Барабашу, успевшему многое и многих повидать и понимавшему правоту старшего лейтенанта, очень хотелось помочь ему, рискнувшему пойти на пролом, поведшему за собой остальных и, возможно, только благодаря этому выжившему. Он включил беглецов в состав отряда, который уже назывался Кулешовским – по названию деревни Кулешовка, это район высадки группы Барабаша, – старшего лейтенанта назначил взводным, и одновременно – командиром ударного истребительного отряда. Вот только уже через сутки Барабаш потерял треть своих людей под шквальным минометным огнем – «старший лейтенант» вывел их прямо на засаду, это был ложный побег, форму красноармейцев одели предатели, и Барабаш понятия не имел, скольких они уже успели сдать немцам. Он вовремя, буквально в последний момент, каким-то шестым чувством разгадал замысел «старлея» – тот слишком спешил выполнить задание, подожди он еще немного, когда отряд прилично разрастется, бдительность Барабаша, возможно, удалось бы усыпить окончательно…

Они прорвались с потерями, но сохранив рацию и связь с Центральным штабом. Барабаш сообщил о ложном отряде и возможности подобных провокаций на других участках.

Дальше все пошло лучше, отряд формировался и разрастался. Только командир, казалось, на всю оставшуюся жизнь сделался подозрительным, сам понимая, что такое отношение к каждому новому человеку и каждому событию, шедшему не по стратегическому плану, в подавляющем большинстве случаев мешает делу…
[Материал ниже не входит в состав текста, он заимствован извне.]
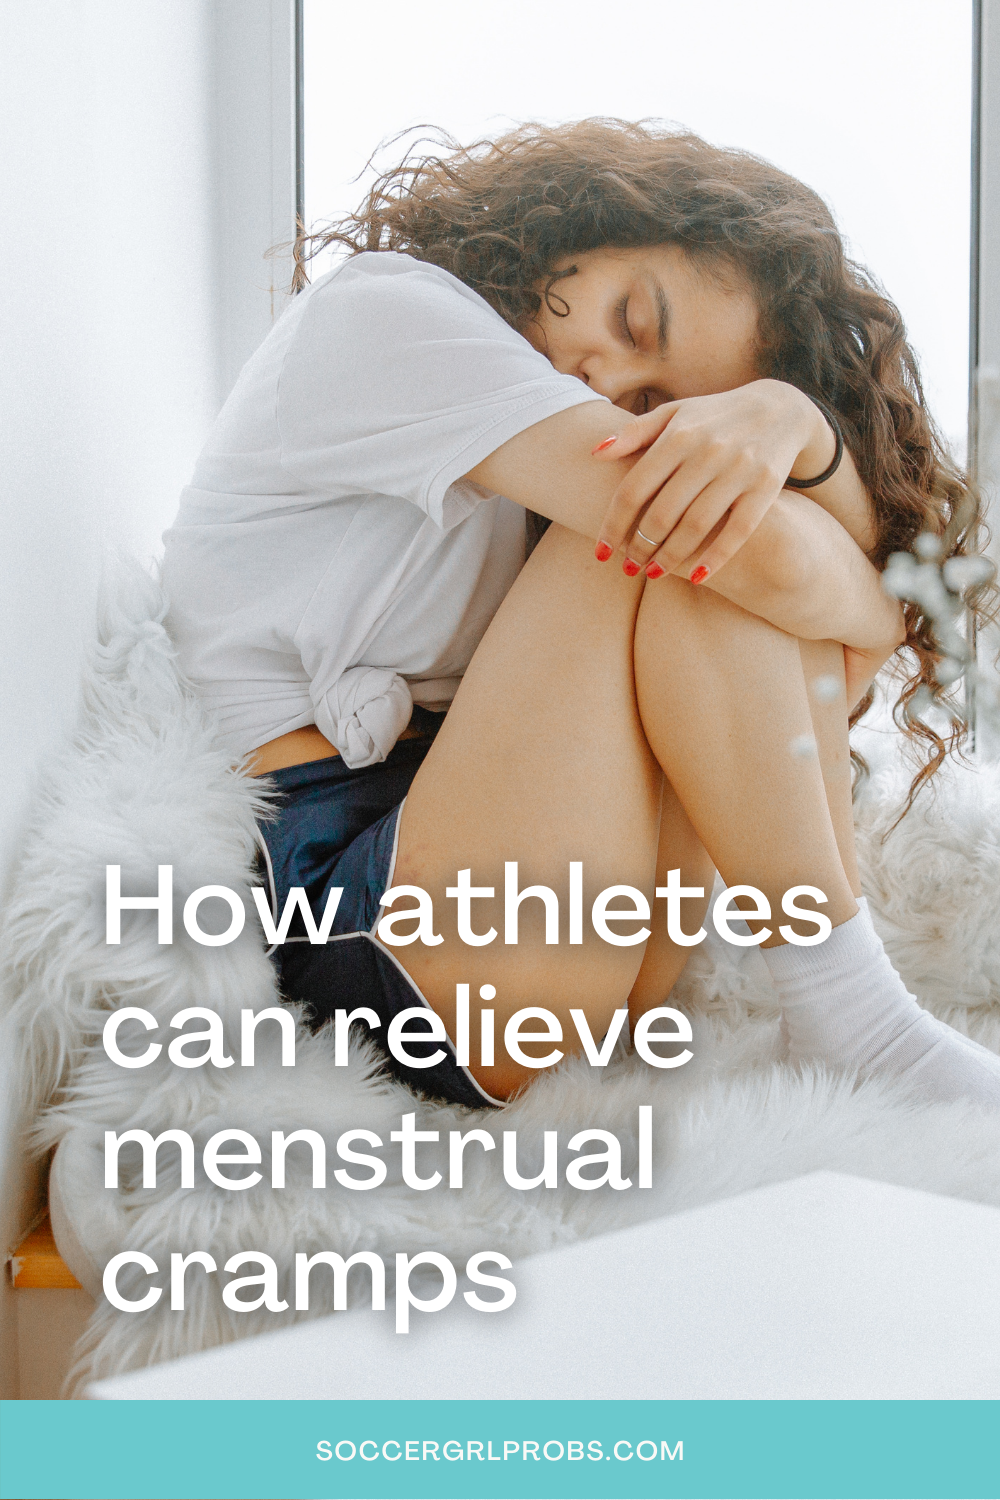 How Athletes Can Relieve Menstrual Cramps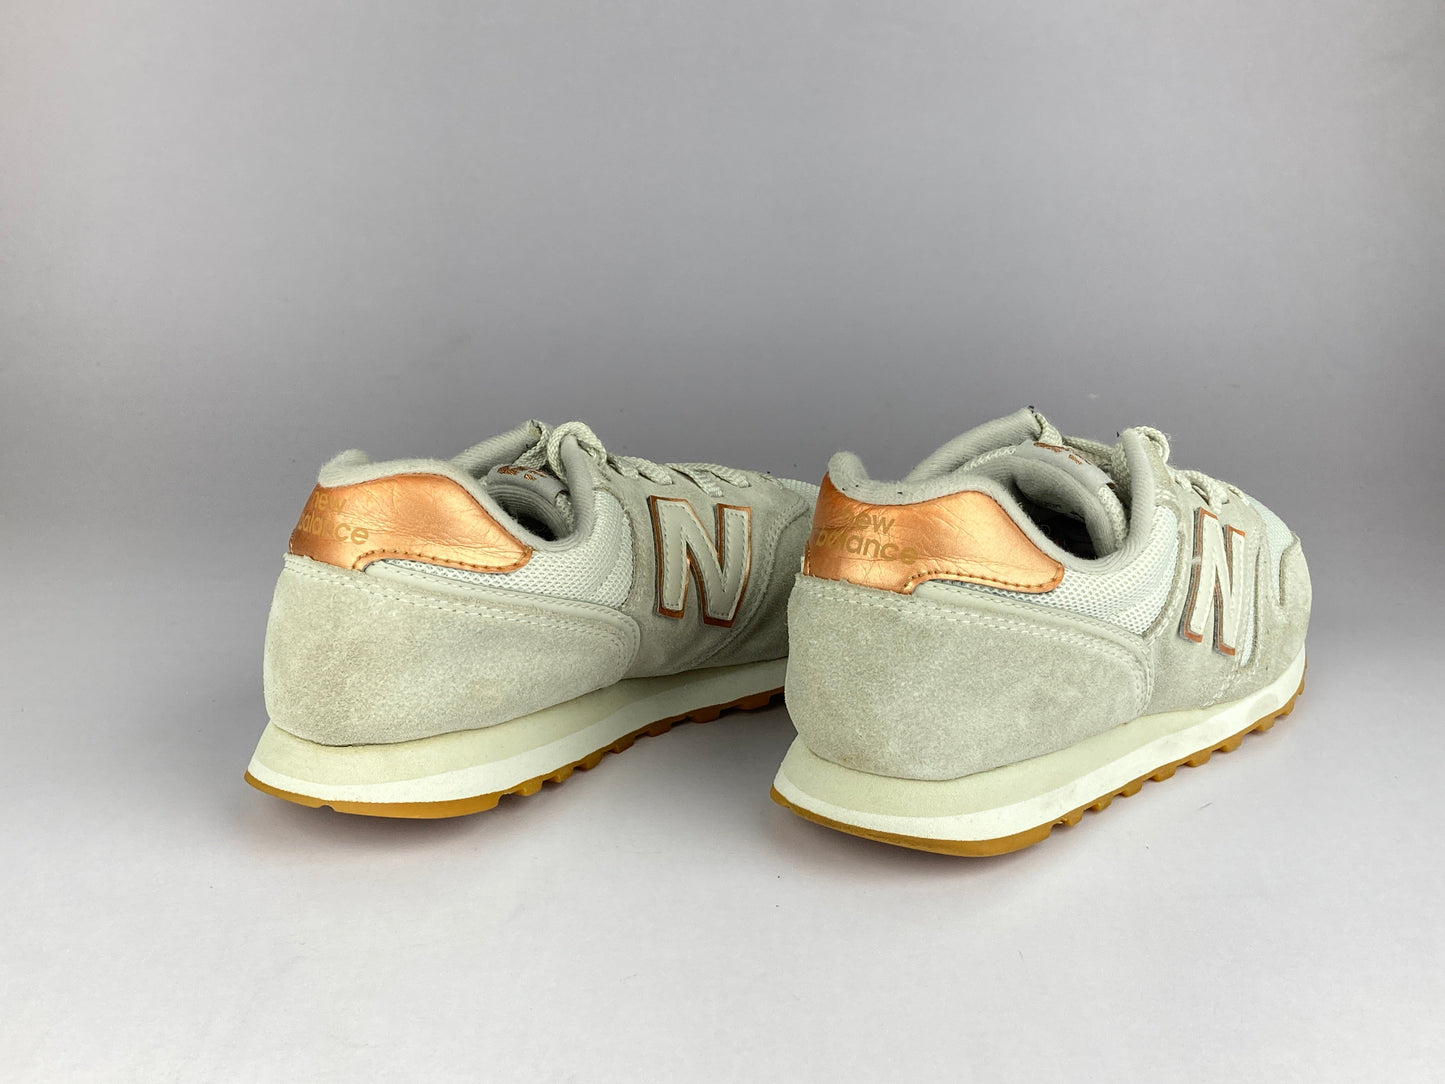 New Balance Wmns 373 Series 'Gray' B Wide WL373CD2-Sneakers-Athletic Corner

Выйдя из землянки радистов, Дмитрий Барабаш осмотрел поляну – место, где вверенный ему Кулешовский отряд располагался вот уже второй месяц. Превратившись к этому времени в уже вполне мобильное и боеспособное воинское подразделение, он сейчас жил своей обычной, можно сказать – будничной жизнью. Возможно, подобный уклад еще некоторое время сохранится. Но все могло измениться, вплоть до того, что отряду пришлось бы сниматься и перемещаться на заранее оборудованную резервную позицию. Все зависело от сведений, которые ожидал Барабаш со связником из Харькова.

А тот не появлялся…

Папиросы в отряде не ходили, все смолили самосад, и командир, начавший курить осенью сорок первого, когда немцы отогнали Красную армию через Днепр, исключением не был. Прислонившись плечом к высокой старой сосне, Барабаш выудил из кармана галифе кисет с вышивкой, задумчиво подбросил его на ладони, несколько минут послушал лесную тишину, затем ловко свернул «козью ножку».

Легкий щелчок, откуда-то сбоку появилась рука с зажигалкой-«катюшей», сделанной из гильзы от маузера: сооружение не хитрое, отверстие насквозь, фитилек, колесико с кремнием. Прикурив от синего огонька, Барабаш кивнул, благодаря Рогозина, командира разведчиков.

– Что? – спросил тот, кивнув в сторону радиорубки – так он, служивший когда-то на Черноморском флоте и гордо носивший в память о подбитом вражеской торпедой боевом судне тельняшку под гимнастеркой, называл землянку, где располагалась радиостанция.

– Понятия не имею, Леша, – пожал плечами Барабаш. – Никаких особых распоряжений.

– Может, мы чего-то не знаем, – предположил Рогозин, тут же поправившись: – То есть, может, товарищ командир, есть что-то такое, чего нам с тобой знать не положено?

Придерживаясь установленного на время выполнения боевого задания правила, командира, политрука, начальника разведки и прочих командиров отделений, взводов и рот, на которые уже разделился отряд, по званию называть запрещалось. К тому же Барабаш и Рогозин уже забрасывались в составе одной группы выполнять похожее задание, так что запросто обращались друг к другу на «ты» и позволяли себе обсуждать как действия, так и бездействие вышестоящего руководства. Правда, только в узком кругу, на людях, при бойцах, соблюдая жесткую субординацию и показывая пример остальным.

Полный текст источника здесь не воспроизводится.